Белочка подожгла ручеёк. Плеснула из примуса керосин, бросила пожелтевший от времени ворох газет, чиркнула спичкой. Ветер будто ждал – дунул вдоль водоворота, полыхнула тёмная торфяная гладь, поплыл огонь вдоль омута. Сонные окуни лениво шевельнули муаровыми хвостами - отвернулись. Закрыли снежные створки лилии.

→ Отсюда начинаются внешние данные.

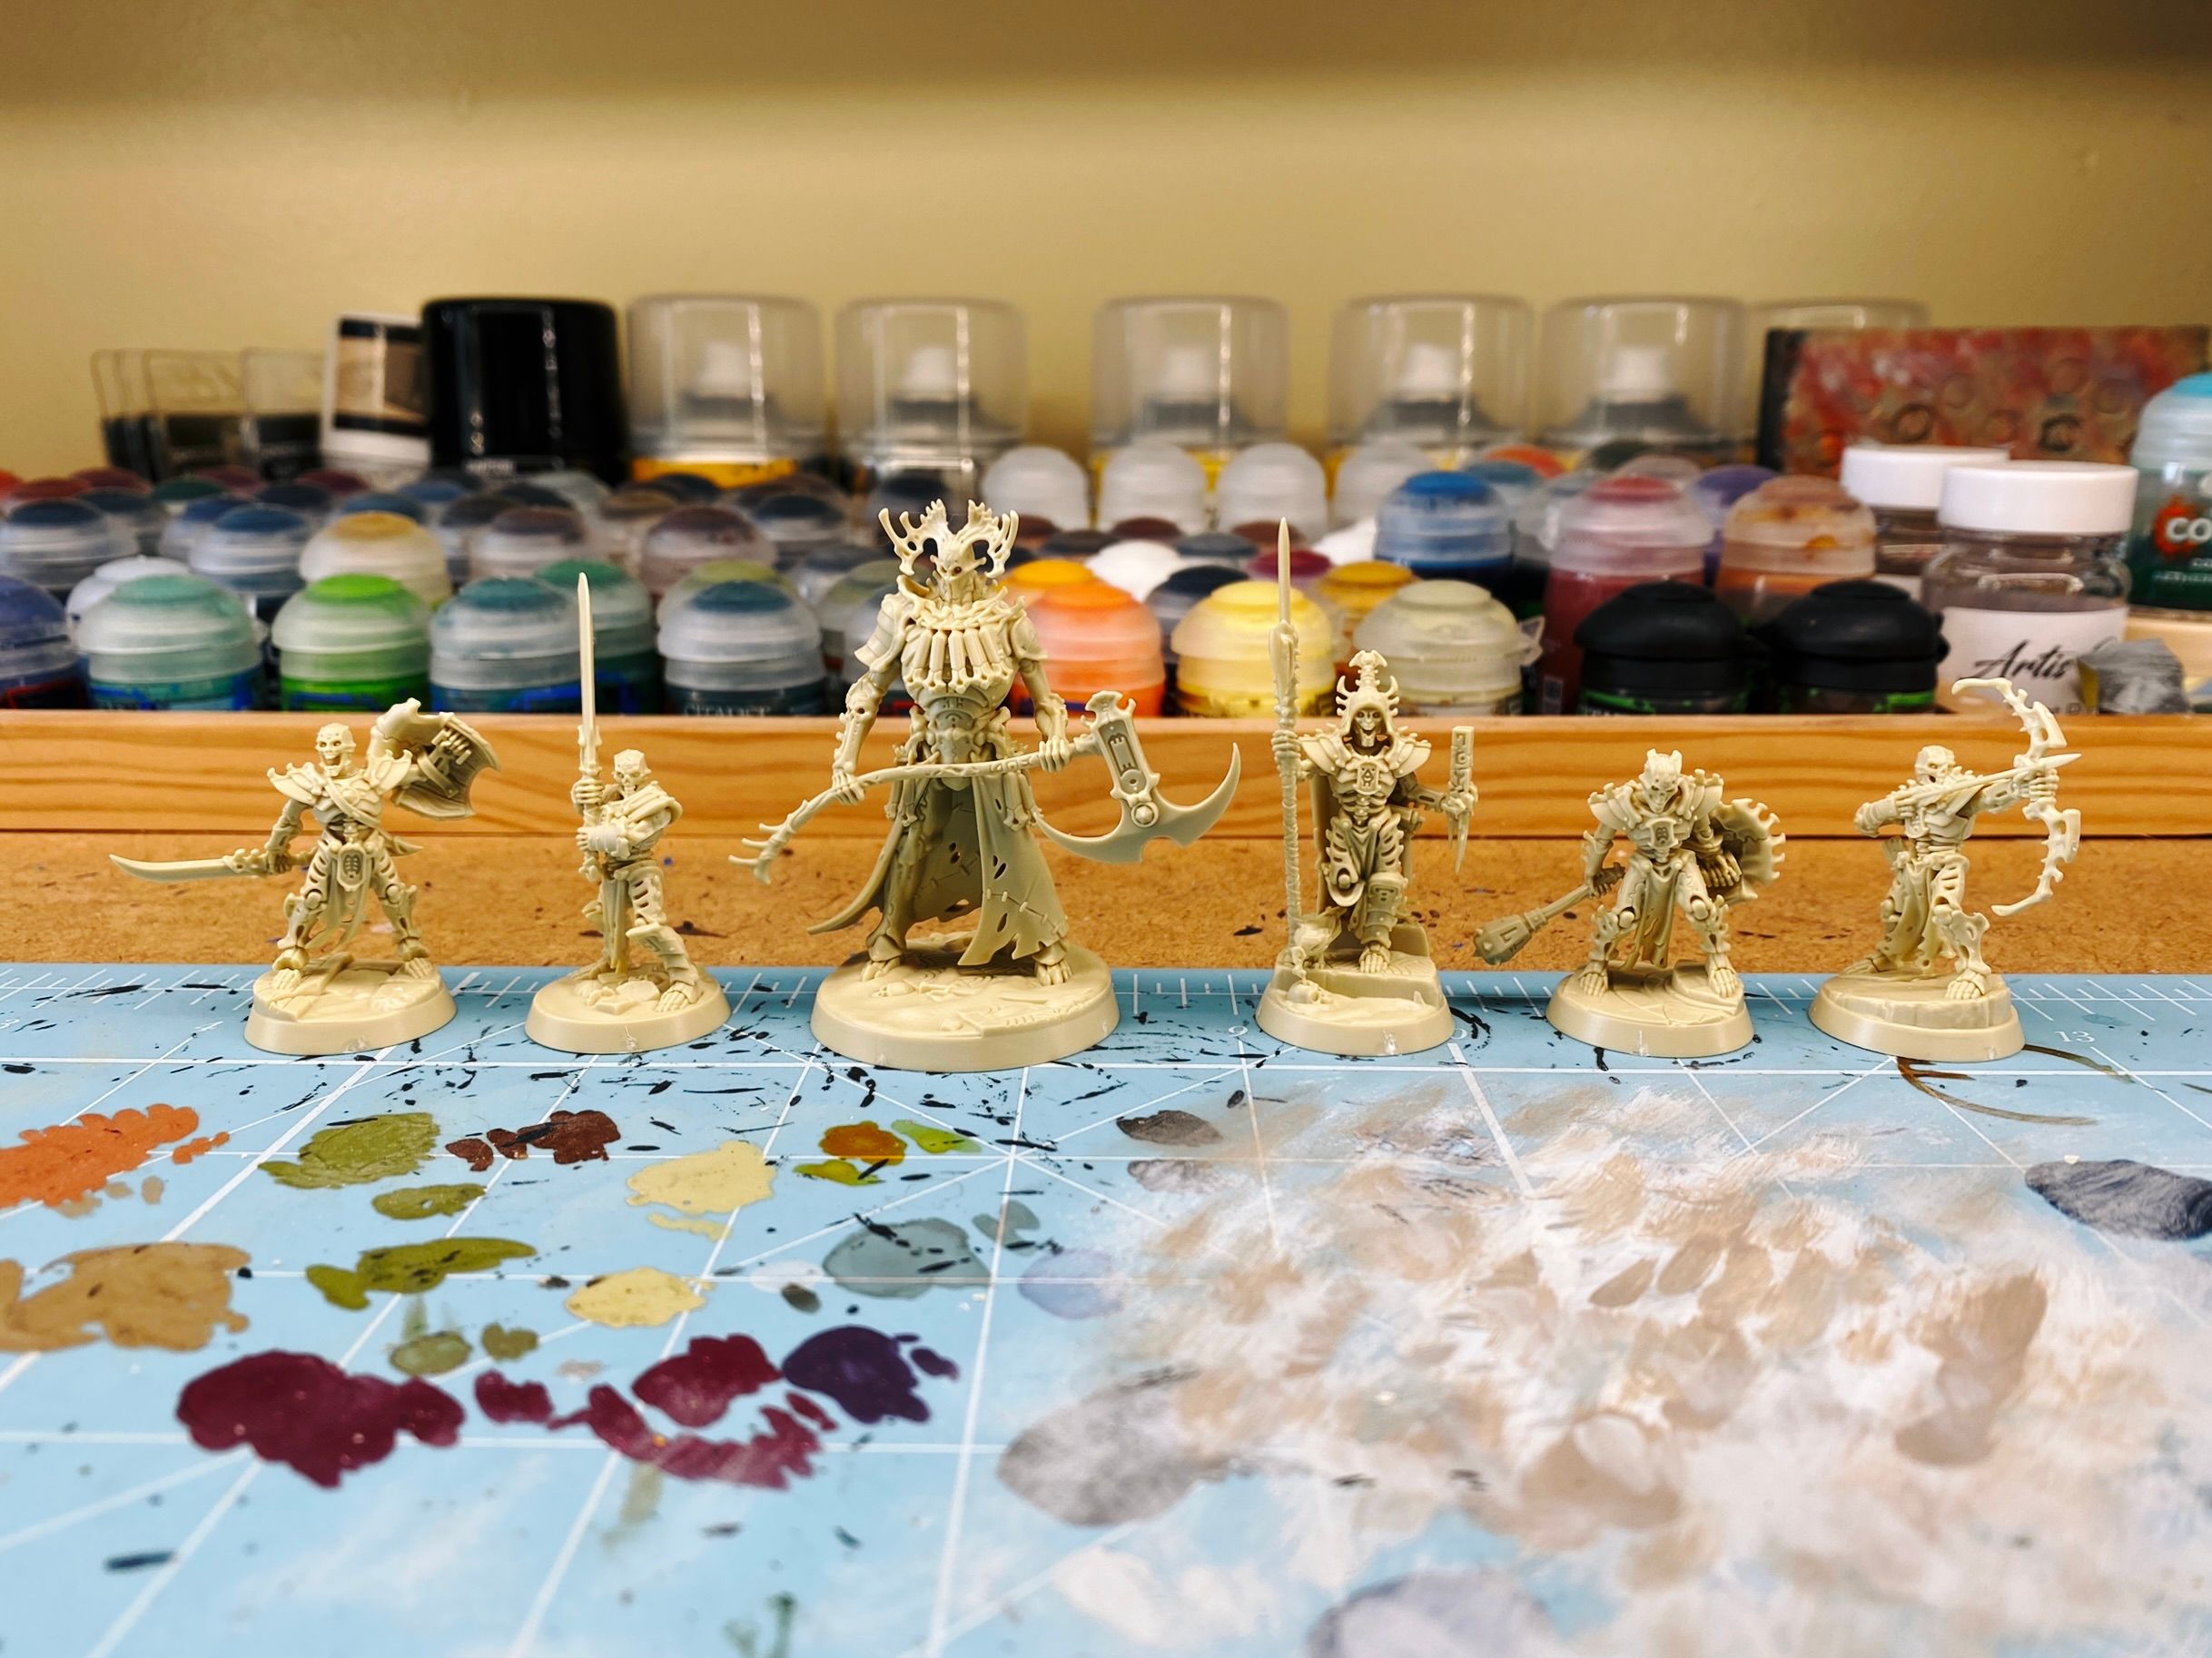 A photo of the Kainan's Reapers warband assembled, in bone-coloured plastic. Six miniatures, all skeletons. Four are warriors holding various weapons, one has a big staff and is weaing an elaborate headdress, and the last is a HUGE armoured fellow towering over the rest, holding a double-bladed scythe.

Тихо звенела слепнями трава. Пахло куриной мятой и вязкой тиной. За горой лязгнуло громом – через болото шли грозы. Маленький костёр плыл, исчезал за поворотом, а следом вёз детство. Лодочку, полную милых сердцу игрушек; друзей, что исчезли; звёздную россыпь.

Бог создал мир этот не для меня. Полный тоски, лжи и горькой вины за несделанное, но только помысленное -  я так и не познал сути. Для чего суждено быть здесь, что делать?
Думать? О чём? О ком? Жить для чего?

Тысячи, миллионы вопросов равнодушно горят холодными звёздами.
Тонут, тускнеют трупами светлячков в тёмной воде, по которой плывёт огненная спираль жёлтых газет, керосина и ветра, который несёт из-за покатой горы дождь.

Сложно. Темно в голове. Есть ли душа у меня? А если есть, то зачем?
Миллион вопросов. Ещё больше не-ответов.



Трудно дышать, цепляя на повороте к ночному ларьку, острую битым щебнем крапиву. Смешно наблюдать за мотыльком, закинув утреннюю баклагу чего-нибудь средней тяжести, непослушными пальцами выдирать корни травы.
Глупо писать слова, наделяя безумной формой Настоящего чернильные пятна и знать, что это прошло, сгинуло. Чертить на бумаге след пролетевшего самолёта, зная, что он никогда не вернётся.
Слишком много «зачем», велико число «почему». Впору наградить звёзды этими именами - "Почемучка" и "Навсегда", но выбрать из бесконечности, что вечно летит над тобой конкретных птах - трудно.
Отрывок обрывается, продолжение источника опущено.